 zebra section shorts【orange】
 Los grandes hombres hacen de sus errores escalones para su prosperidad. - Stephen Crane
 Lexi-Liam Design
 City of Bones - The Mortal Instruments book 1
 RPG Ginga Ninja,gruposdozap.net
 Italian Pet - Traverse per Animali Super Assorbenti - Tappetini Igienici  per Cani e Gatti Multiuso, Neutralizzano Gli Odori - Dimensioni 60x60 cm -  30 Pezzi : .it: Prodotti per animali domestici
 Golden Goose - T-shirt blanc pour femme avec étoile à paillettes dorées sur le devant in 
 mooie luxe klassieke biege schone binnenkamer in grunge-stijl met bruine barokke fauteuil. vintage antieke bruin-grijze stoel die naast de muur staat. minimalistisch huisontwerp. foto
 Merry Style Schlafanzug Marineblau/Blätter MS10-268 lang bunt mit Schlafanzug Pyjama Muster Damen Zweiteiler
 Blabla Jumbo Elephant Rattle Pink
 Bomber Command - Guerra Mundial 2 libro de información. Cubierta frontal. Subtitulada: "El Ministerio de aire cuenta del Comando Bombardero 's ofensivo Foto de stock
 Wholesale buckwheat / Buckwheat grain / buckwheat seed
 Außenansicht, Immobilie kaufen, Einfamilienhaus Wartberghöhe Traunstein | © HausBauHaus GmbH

+++

## DIRECTIONS FOR THIS TASK
Print the line with "Los grandes hombres" and every line after it in the entries above, exactly as written. Leave out all other lines.

## RESPONSE AREA
 Los grandes hombres hacen de sus errores escalones para su prosperidad. - Stephen Crane
 Lexi-Liam Design
 City of Bones - The Mortal Instruments book 1
 RPG Ginga Ninja,gruposdozap.net
 Italian Pet - Traverse per Animali Super Assorbenti - Tappetini Igienici  per Cani e Gatti Multiuso, Neutralizzano Gli Odori - Dimensioni 60x60 cm -  30 Pezzi : .it: Prodotti per animali domestici
 Golden Goose - T-shirt blanc pour femme avec étoile à paillettes dorées sur le devant in 
 mooie luxe klassieke biege schone binnenkamer in grunge-stijl met bruine barokke fauteuil. vintage antieke bruin-grijze stoel die naast de muur staat. minimalistisch huisontwerp. foto
 Merry Style Schlafanzug Marineblau/Blätter MS10-268 lang bunt mit Schlafanzug Pyjama Muster Damen Zweiteiler
 Blabla Jumbo Elephant Rattle Pink
 Bomber Command - Guerra Mundial 2 libro de información. Cubierta frontal. Subtitulada: "El Ministerio de aire cuenta del Comando Bombardero 's ofensivo Foto de stock
 Wholesale buckwheat / Buckwheat grain / buckwheat seed
 Außenansicht, Immobilie kaufen, Einfamilienhaus Wartberghöhe Traunstein | © HausBauHaus GmbH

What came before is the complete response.